Maybe it’s the appearance of pumpkins in color and form, or maybe it’s the lesser-known history of pumpkins helping people evade starvation, that makes Pumpkin Spice Lattes, in their disposable paper cups, so abhorrent. I don’t hate Pumpkin Spice Lattes the way I’m supposed to. And, I don’t love Pumpkin Spice Lattes the way I’m supposed to. Pumpkin Spice Lattes have become shorthand for a certain kind of whiteness, like a meme of the Lululemon yoga pants girl, the spirit of the PSL.

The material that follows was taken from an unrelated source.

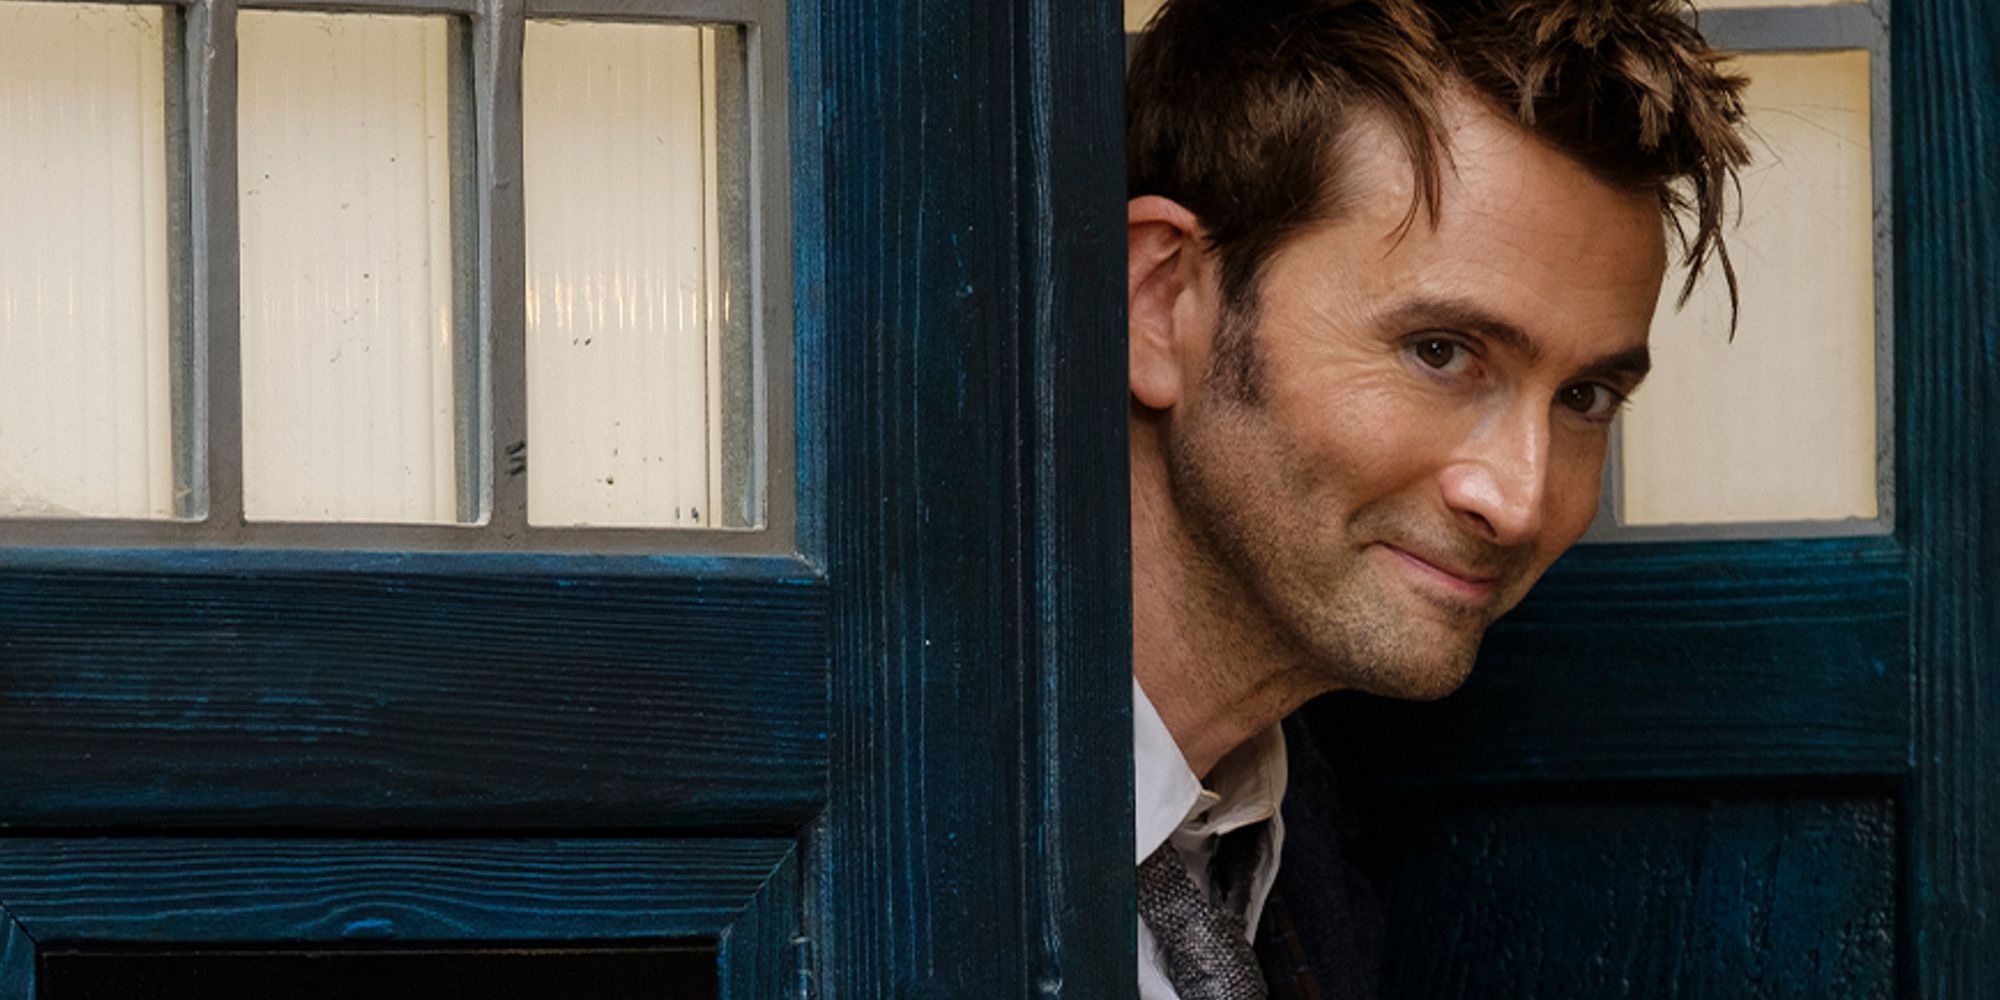 Doctor Who's David Tennant Returns As 14th Doctor In Celebratory New Image
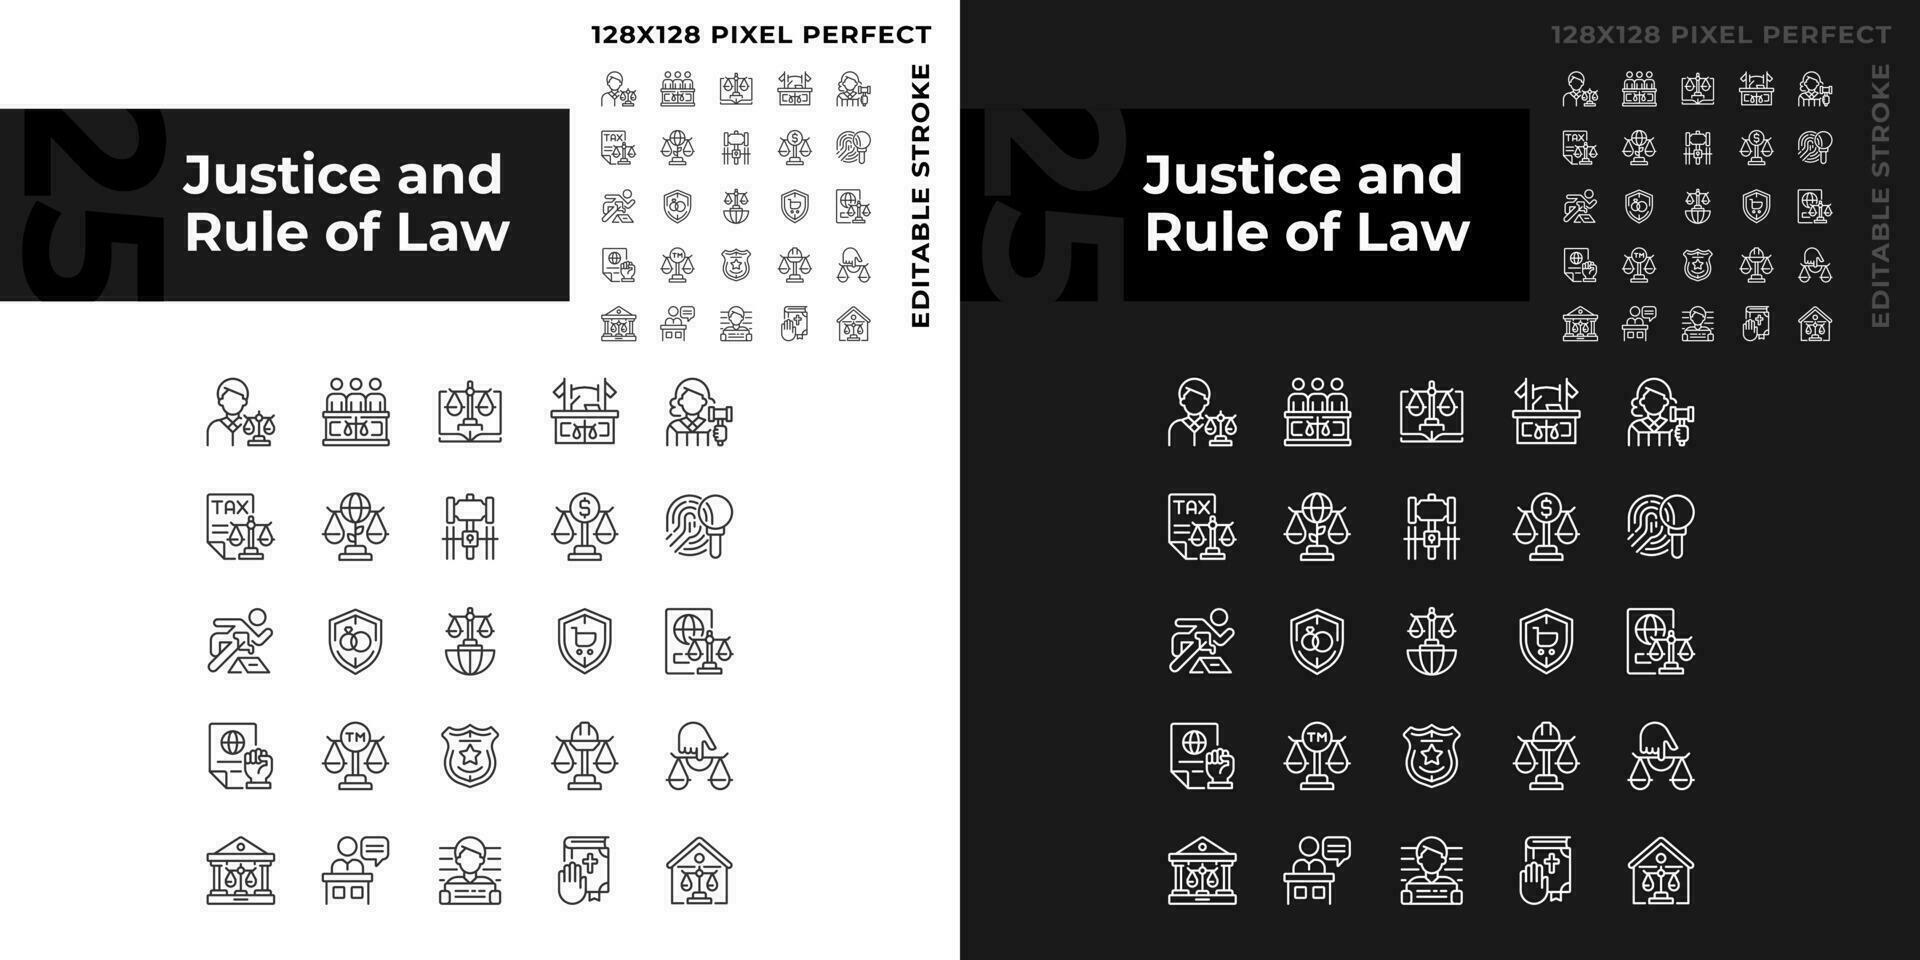 Justice and rule of law pixel perfect linear icons set for dark, light mode. Government system of regulation. Thin line symbols for night, day theme. Isolated illustrations. Editable stroke vector

Am I a pumpkin hater? Heavens, no. I love a beautiful whole pumpkin, whether all smooth and orange like a plastic jack-o’-lantern or speckled green with a warty spray of knobs. I love the curling vines, the hearty stem, the abundance in my parents’ garden. If the supply chain totally falters, they have frozen pumpkin bread up the wazoo.
Read more of Anca’s works as she contemplates strawberries and dill.
THE NOSHER HISTORY lesson taught me that Italian Jews (who’d fled the Spanish Inquisition) invented pumpkin ravioli; pumpkin is a hearty vegetable, an affordable substitute for meat. Pumpkin ravioli in brown butter with a touch of sage—I will gladly eat this annually. Maria Tarantino and Sabina Terziani write in the Summer 2010 issue of Gastronomica about a Sicilian treat called “the triumph of gluttony,” a hollowed-out brioche filled with pistachio paste and pumpkin jam in a bowl of milk blancmange. Put THAT in my mouth!
“IN THE FOLKLORE of many peoples, the . . . pumpkin [is] in fact, [a symbol] for . . . female sexual organs.” So writes Giuliano Catoni in A Short History of Siena. Should we interpret the carriage turning into a pumpkin in “Cinderella” as sexual? If you don’t get home by midnight, you turn into a female sexual organ? Kusama’s pumpkin obsession is a counterpart to her tuber obsession in which she faces her fear of the phallic; that is well documented. Her mother ruined her childhood by having her spy on her father as he dallied.
A FRIEND WHO GREW up in New England and lives in California celebrates a personal holiday, “Pumpkin Sunday,” with relentless nostalgia each October with his children and family friends. The day begins with pumpkin pancakes, followed by pumpkin ale or cider, followed by pumpkin curry, ending with a pumpkin carving. I worry what may happen if one year a rebelling teen wishes to abstain. Heartache? A sense of betrayal? A sense of loss?
The pumpkin patch, too, is the site of childhood innocence. You go each year to a pumpkin patch with your child; maybe as an adult without children you go with a sense of nostalgia. Or in our case in 2020, nostalgia for an uncertain future. In our favorite family photo from 2021, printed on canvas and in the home of each immediate family member, we hold our gorgeous nine-month-old son in a pumpkin patch as we stand astride blocks of hay and before a goodly display of corn. Or should I say godly? Here he is, we seem to say, holding him aloft between us. His alarmingly alert gaze into the camera says, “Here I am.”